Dodge City — Dodge City has a rich history as an Old West frontier town, where cowboys and gunslingers could take a break from the trail and get their fill of saloons and brothels.
Today, the tidy town that was built on meatpacking and rodeos once again is facing off with gunfighters. But this time it's street gangs, some with second-generation members as young as 11, whose drug of choice is methamphetamine and whose weapons range from automatic rifles to baseball bats.
"When it was old Dodge City, it was cowboys coming off the range and ending up in Dodge and raising hell and letting things go," said John Ball, Dodge City chief of police. "This is entirely different. There is no comparison.
"The gangs, these are people who are choosing to commit dangerous and criminal acts and they're choosing it as a lifestyle that is criminal and wrong. There is no regard for anyone in the community, and I can't begin to explain their rationale."
A gang member was hospitalized Tuesday after being hit in the leg in a gang-related drive-by shooting, Ball said. The injury wasn't life-threatening.
Street gangs, often thought of as a big-city problem, have been turning up in rural areas across the country since the 1980s, frightening residents and straining manpower and budgets of the smaller law enforcement departments. Rural gangs are often more transitory than their urban counterparts, but they appear to have a foothold in several rural communities.
About 24,000 gangs operate around the country, according to the U.S. Department of Justice, which estimates there are about 760,000 members, impacting 2,900 communities. Most gangs are in major cities.

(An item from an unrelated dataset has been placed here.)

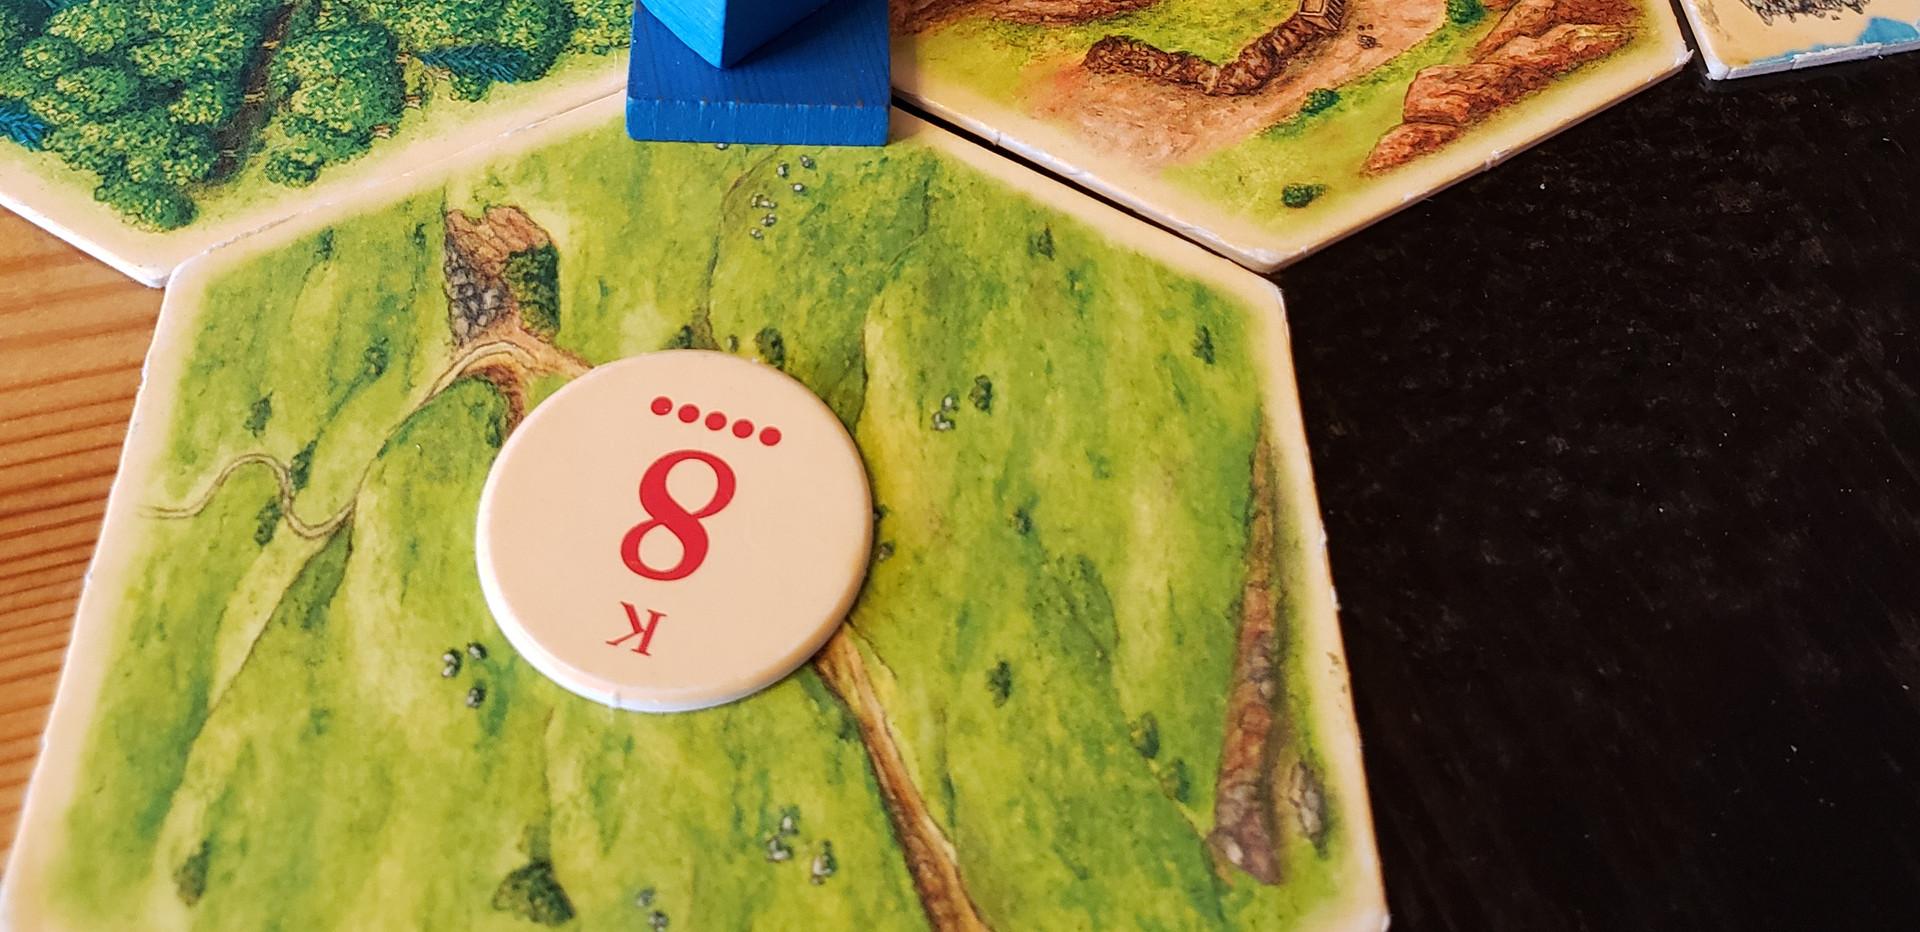 Catan Board Games

But in the 2004 Youth Gang Survey conducted by the Justice Department, 82 percent of large cities surveyed, 42 percent of suburban counties, 27 percent of smaller cities and 14 percent of rural counties reported active youth gangs.
A 2005 study from the University of South Carolina showed 37 percent of towns surveyed in that state with populations of 10,000 or less reported gang activity.
Gang activity in Dodge City started in the 1980s. Ball said he now estimates the town of 25,000 has more than 300 gang members, most of whom are Hispanic. Dodge City is one of the few western Kansas towns that has been growing, largely due to the influx of Latinos drawn to the meatpacking industry in southwest Kansas.
A recent uptick in gang violence over the summer caught the town's attention. From Aug. 19 to Sept. 22, the city recorded seven drive-by shootings. No one was killed, but police made nine gang-related arrests after the shootings, and houses that weren't intended as targets were sprayed with bullets.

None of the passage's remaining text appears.